### Supplied data
* * * * *

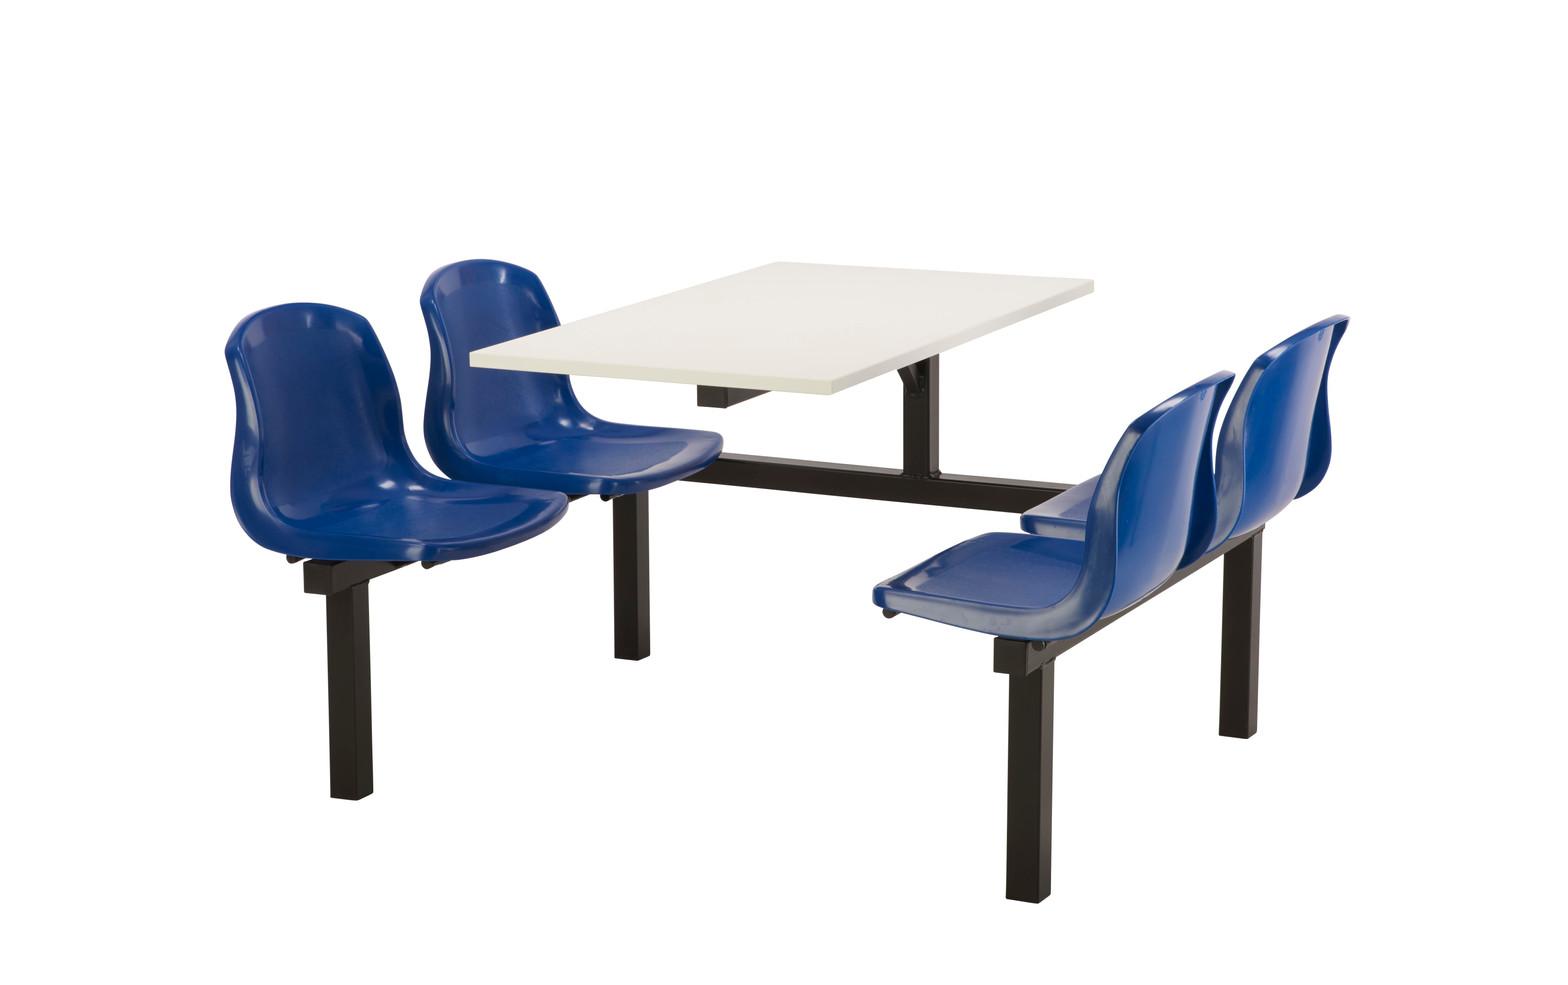 CU90-4S1-BLUE - WHITE
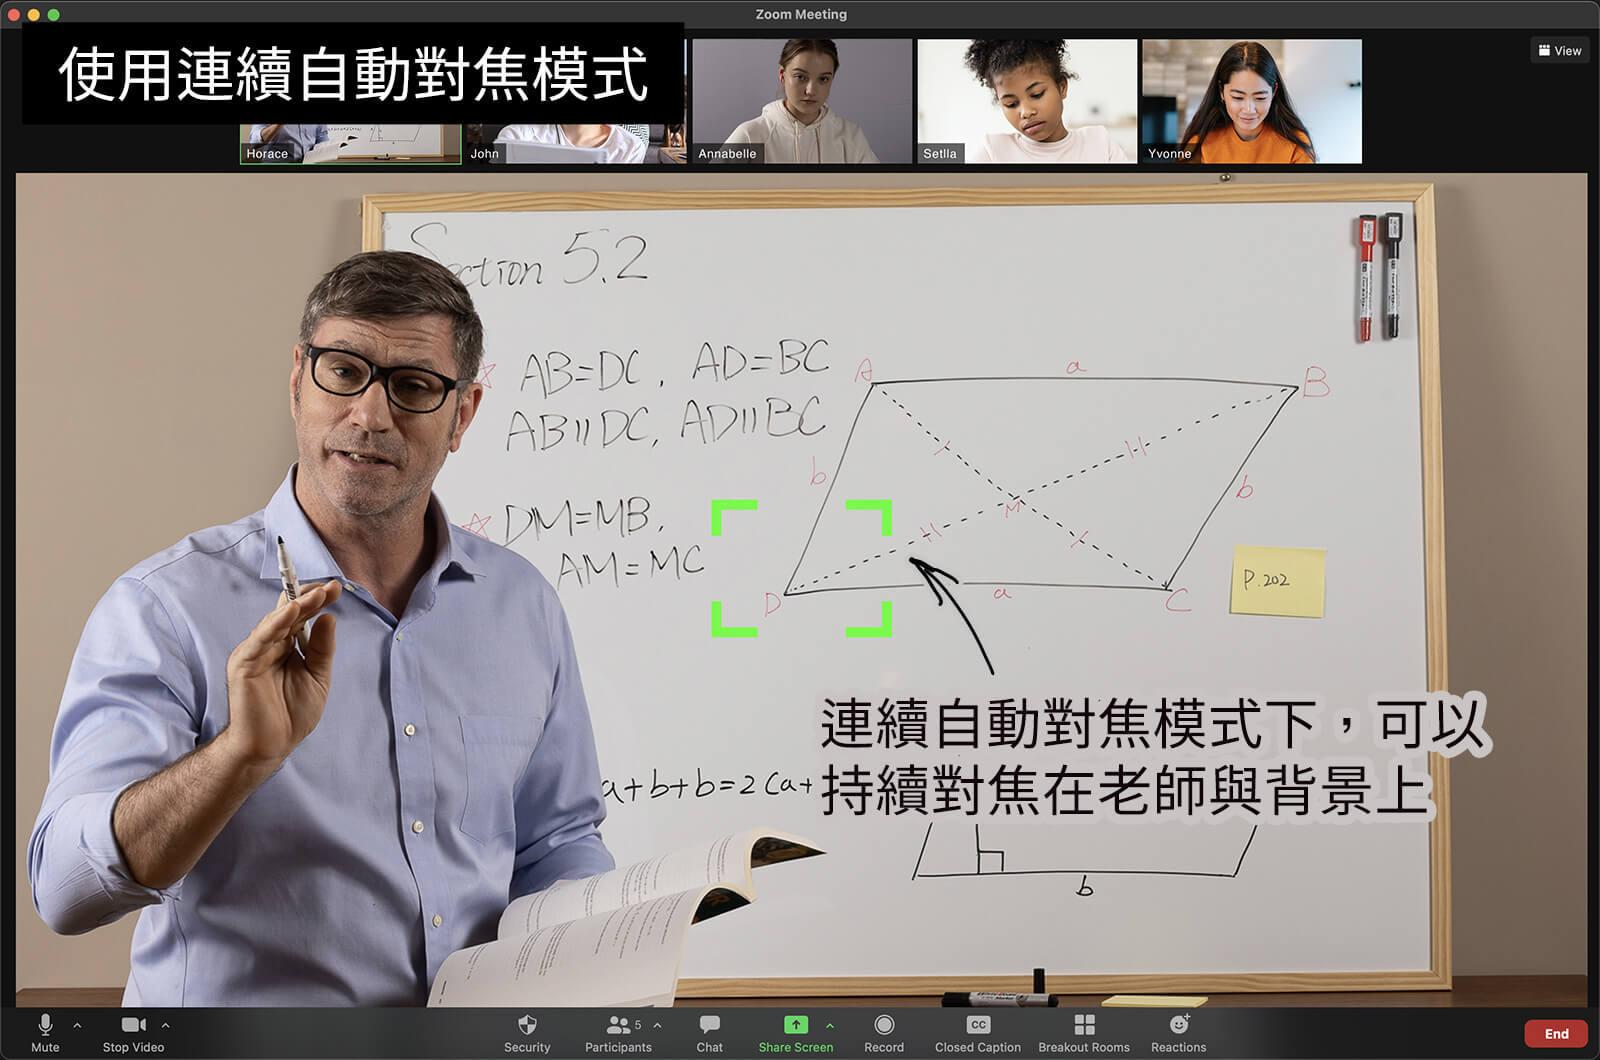 使用連續自動對焦模式:連續自動對焦模式下,可以持續對焦在老師與背景上
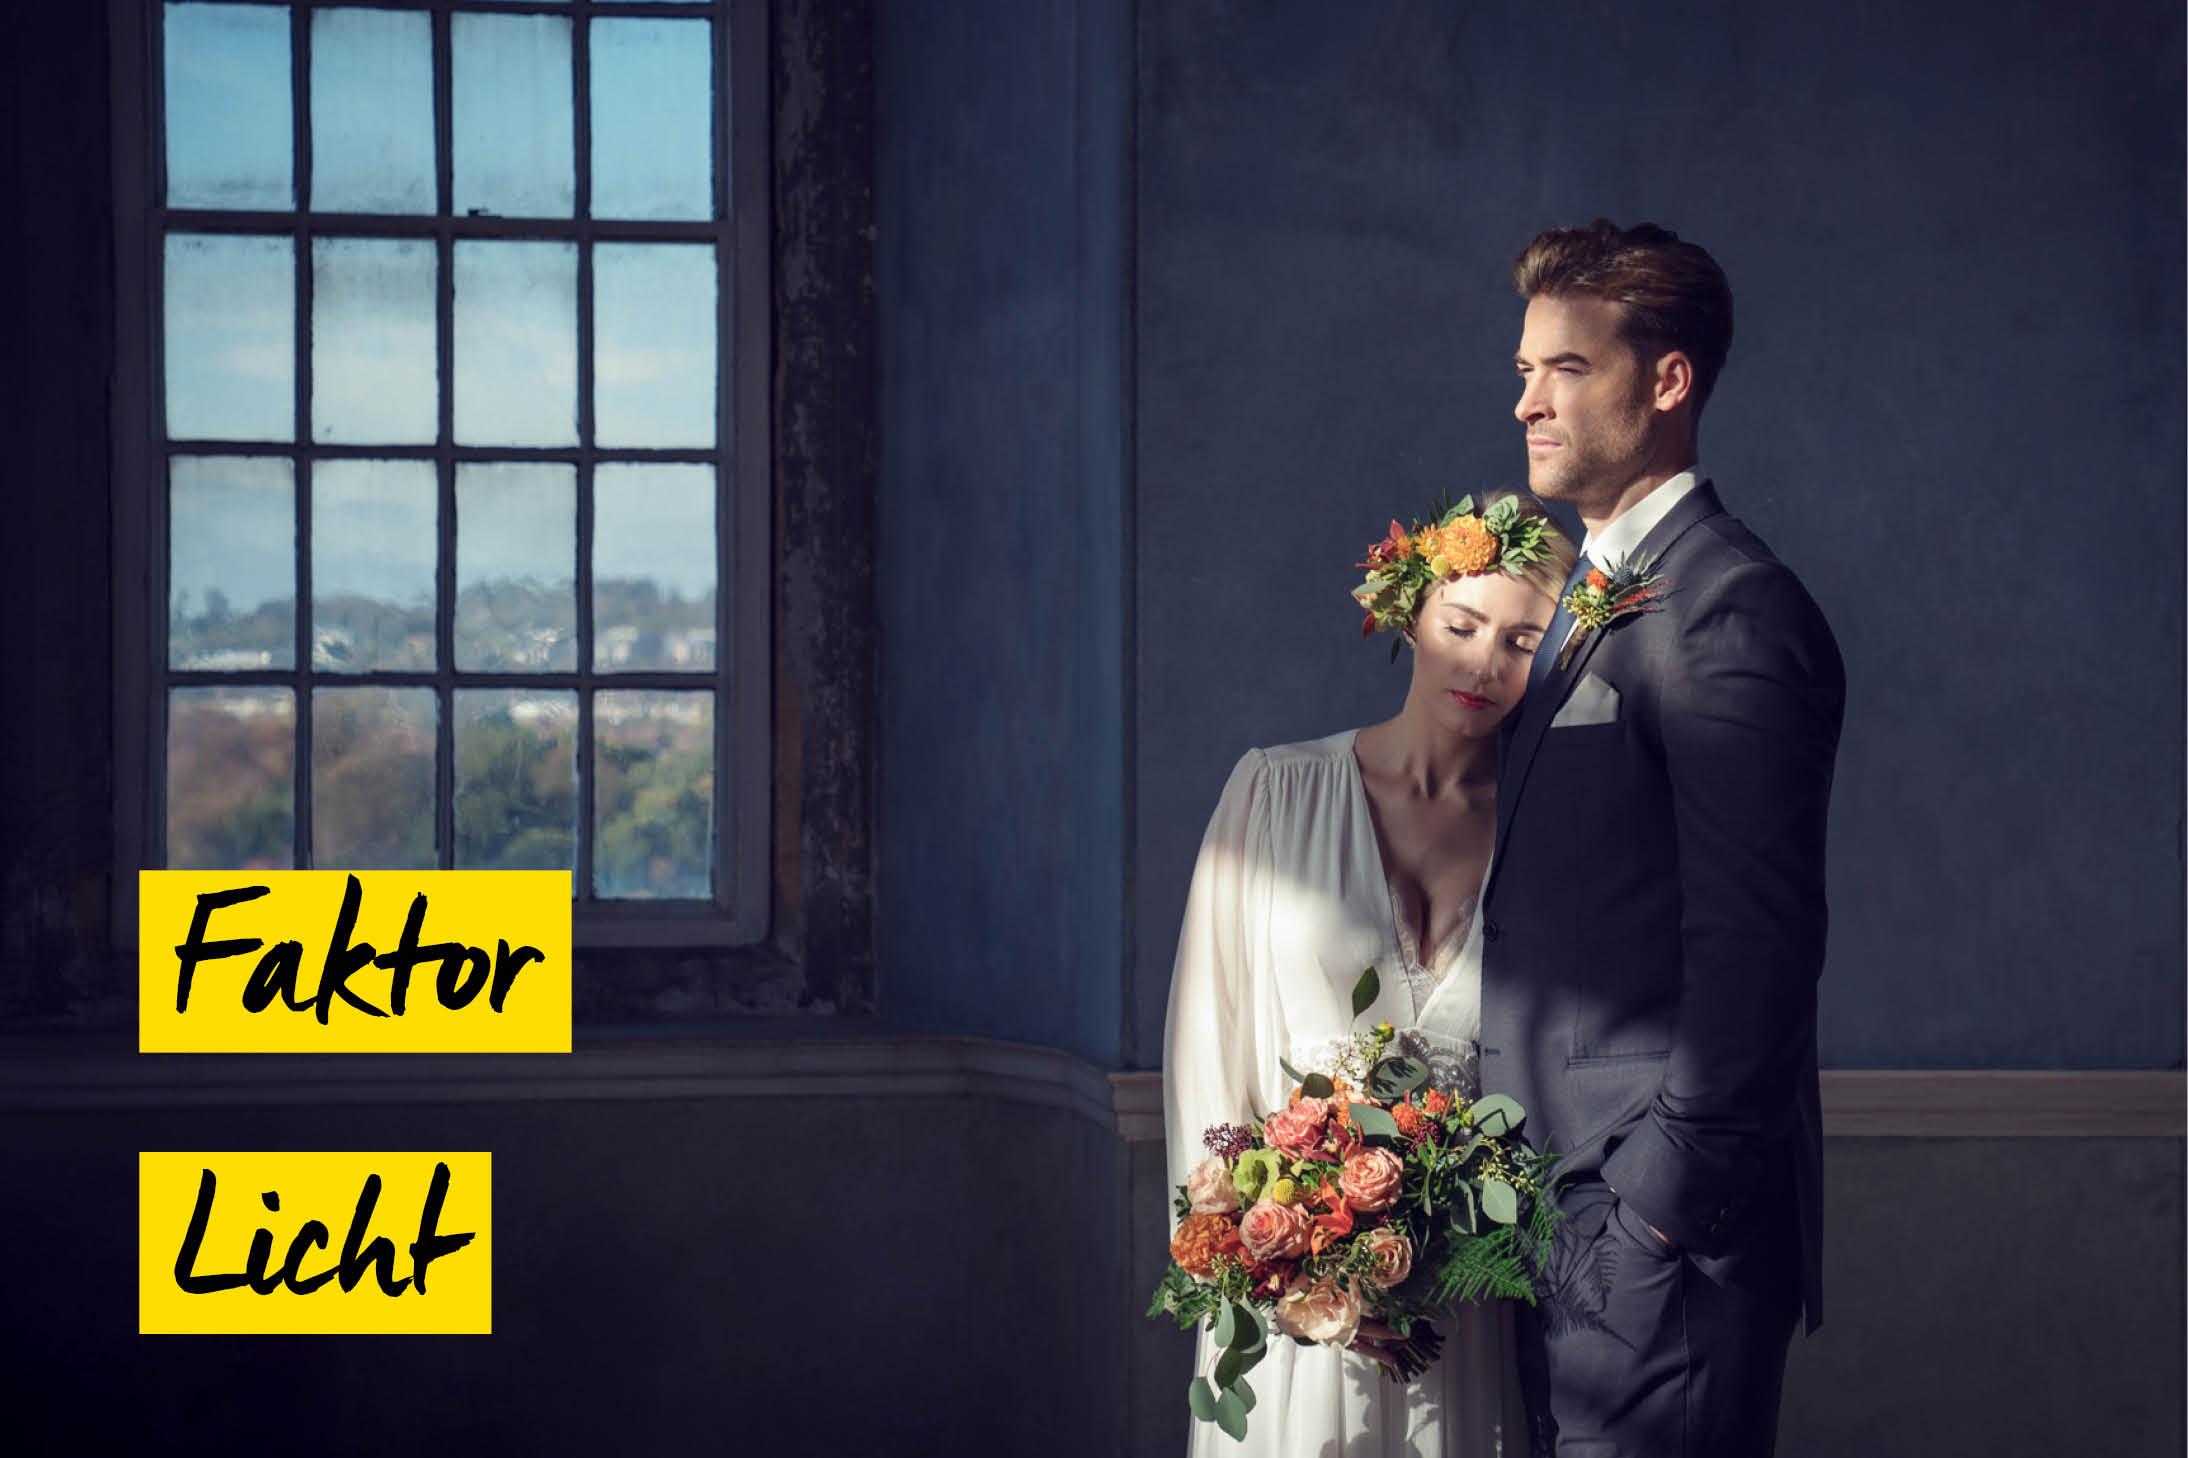 Arbeiten mit Licht - Hochzeitsfotografie by Kate Hopewell-Smith

* * * * *

### How to complete this task
Write out the whole listing verbatim, images excluded.

### Solved exercise
 CU90-4S1-BLUE - WHITE
 使用連續自動對焦模式:連續自動對焦模式下,可以持續對焦在老師與背景上
 Arbeiten mit Licht - Hochzeitsfotografie by Kate Hopewell-Smith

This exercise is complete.